FMPose3D: monocular 3D pose estimation via flow matching
Abstract
Monocular 3D pose estimation is fundamentally ill-posed due to depth ambiguity and occlusions, thereby motivating probabilistic methods that generate multiple plausible 3D pose hypotheses.In particular, diffusion-based models have demonstrated strong performance, but their iterative denoising process typically requires many time steps for each prediction, making inference computationally expensive.In contrast, Flow Matching (FM) learns an ODE-based velocity field, enabling efficient generation of 3D pose samples with only a few integration steps.

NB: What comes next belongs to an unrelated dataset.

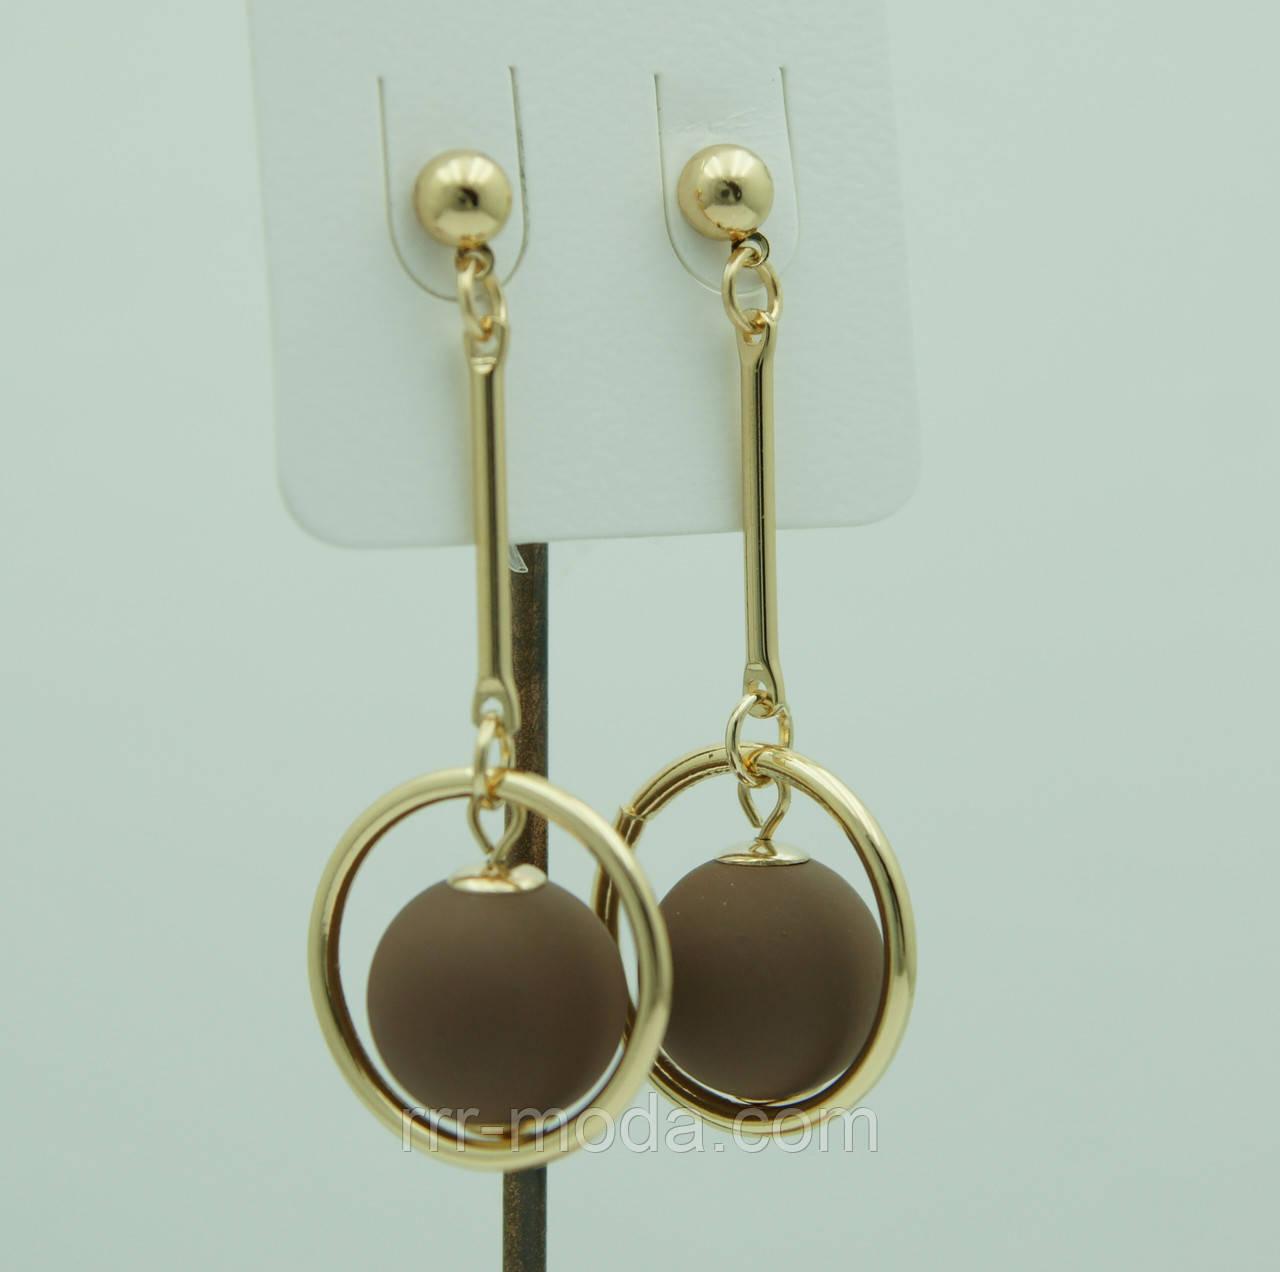 Коричневые кольца серьги шарики из Кореи. Серьги Korea 3123

Inspired by this capability, we propose a novel generative pose estimation framework, FMPose, that formulates 3D pose estimation as a conditional distribution transport problem. It continuously transports samples from a standard Gaussian prior to the distribution of plausible 3D poses conditioned on 2D inputs. While the ODE trajectories are deterministic, FMPose naturally generates diverse pose hypotheses by sampling different noise seeds.To obtain a single accurate prediction from those hypotheses, we further introduce a Reprojection-based Posterior Expectation Aggregation (RPEA) module, which approximates the Bayesian posterior expectation over 3D hypotheses. FMPose surpasses existing methods on the widely used human pose estimation benchmarks Human3.6M and MPI-INF-3DHP, and further achieves state-of-the-art performance on the 3D animal pose datasets Animal3D and CtrlAni3D, demonstrating strong performance across both human and animal 3D pose domains.